New Housing

Alejandro Hernandez, foreman with of Tito’s Construction, LLC, nails lumber together while building an interior wall during construction on a new home in West Valley in Yakima, Wash., Wednesday, March 15, 2017. (SHAWN GUST/Yakima Herald-Republic)

‘It’s only a few cents more. Less than a latte a day.” It’s the same thing we’ve heard time and time again supporting tax hikes in Washington.

A few dollars more on your car tabs for Sound Transit, a couple pennies for behavioral health, a dime extra for a soda to stop obesity. …

What have taxpayers received? A bureaucratic and waste-riddled train system, a worsening mental health crisis, millions of dollars out of the pockets of the poor to pay six-figure government salaries, and no change in how much soda Seattle drinks.

The same is true for affordable housing. Nearly $20 million in taxes spent for 80 apartments in Yakima and we think $2 million will make a dent?

Meanwhile, the private sector has built thousands of apartments for a fraction of the per-unit cost and there are hundreds more already permitted.

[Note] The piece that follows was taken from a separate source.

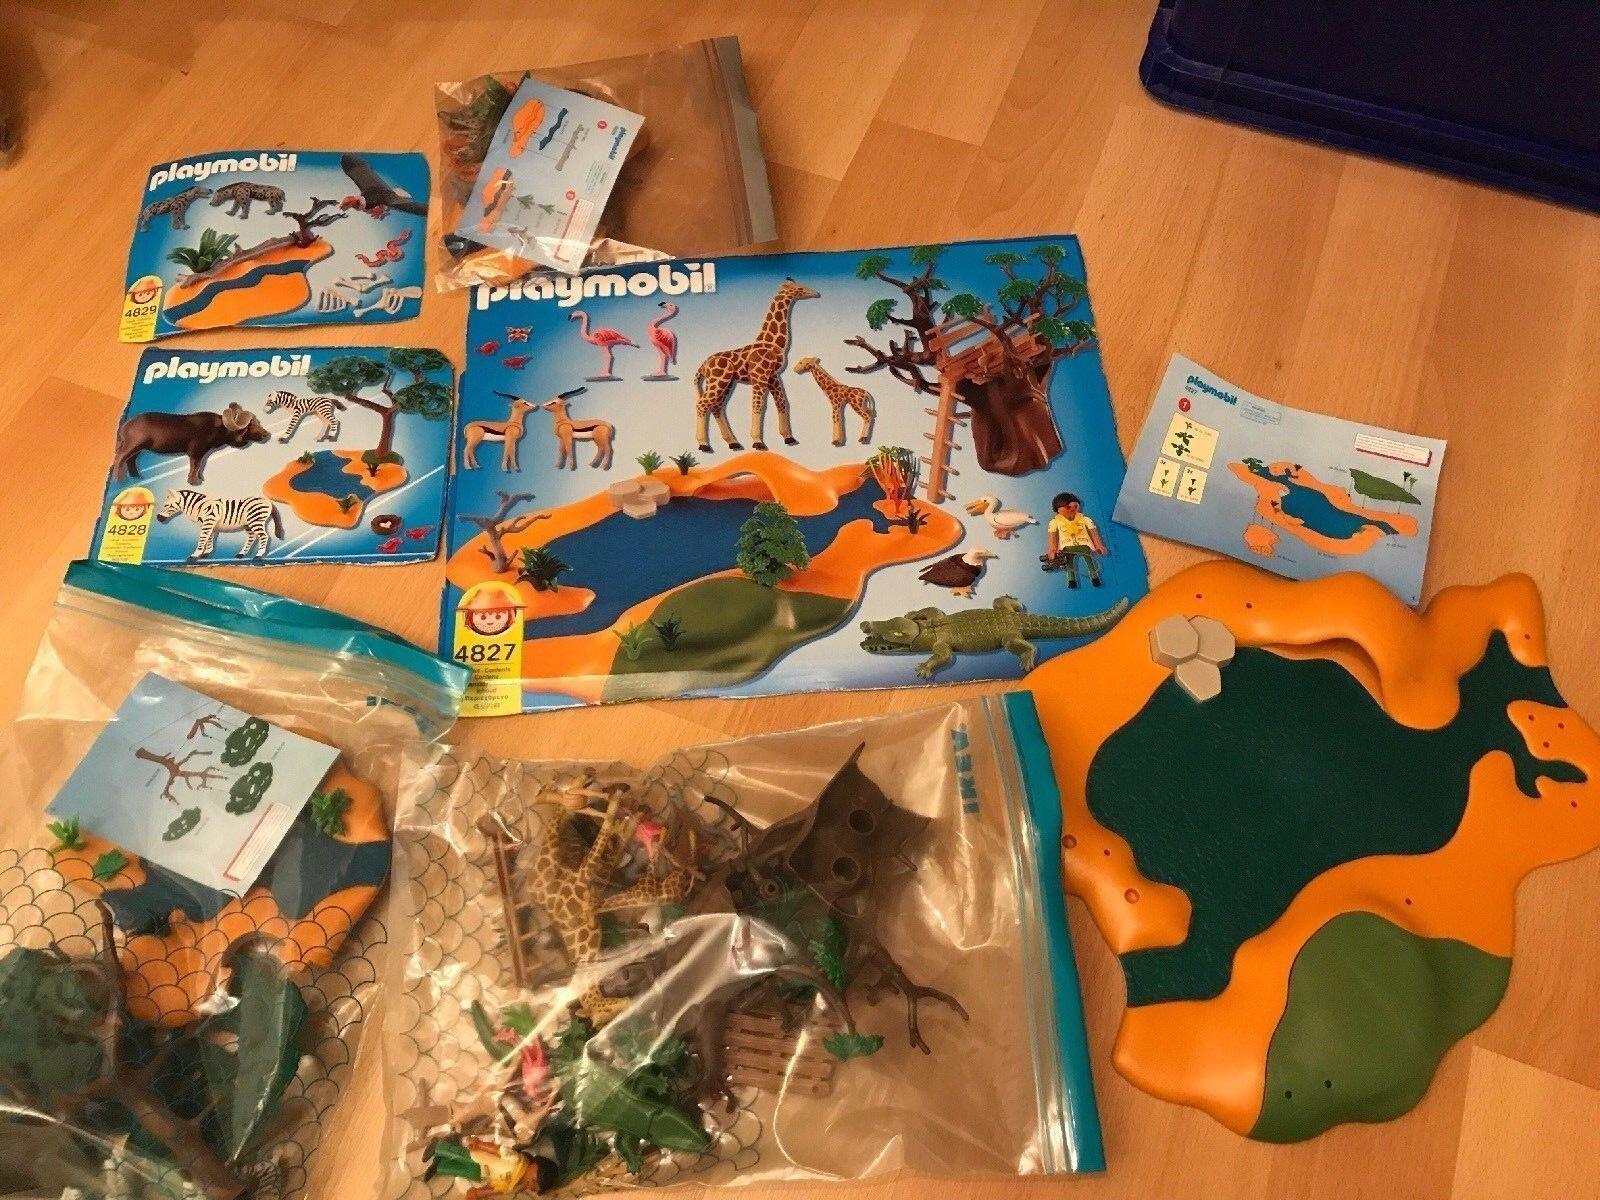 Playmobil 4827 Safari große Wasserstelle, dazu 4828 Zebras und 4829 Hyänen

We’re in the middle of a housing crisis, but tax dollars won’t get us out of it. There’s not enough inventory in Yakima and what is available sells for too much already.

With everything that’s driving up home prices: land availability, lumber and supply chain issues, why on earth would the City Council choose to pile on?

Sales tax is charged on the total contract price for a new home and when it comes to building, those few pennies quickly turn into hundreds of dollars.

Add that to the thousands of dollars more this tax will cost home building companies in overhead on tools, sandpaper, safety equipment — all things necessary to get the job done — and you’re adding enough to move housing farther out of the reach of Yakima families, even if it’s just that little bit more.

To qualify for a mortgage, you have to make a certain amount of money. If you don’t make enough money, you don’t get the mortgage and you don’t get the home.

Whether that difference is a couple of hundred dollars or a couple of thousand doesn’t matter to Fannie Mae and Freddie Mac.

According to economic modeling done by Dr. Na Zhao for the National Association of Home Builders based on income levels and home prices in Yakima: for every $1,000 added to the cost of a home, 82 households are disqualified from a mortgage.

It’s just a few cents, it’s just a latte, but it’s enough.

You can’t make housing affordable by making it more expensive. If you don’t feel the tax hike buying a $20 shirt, you certainly will when buying a $300,000 home.

The sales tax hike will not solve Yakima’s housing crisis, it’ll only make it worse.

Tim Lovelass is president of the Central Washington Home Builders Association. He is the owner of Tim Lovelass Construction and has been building homes in Yakima for more than a decade.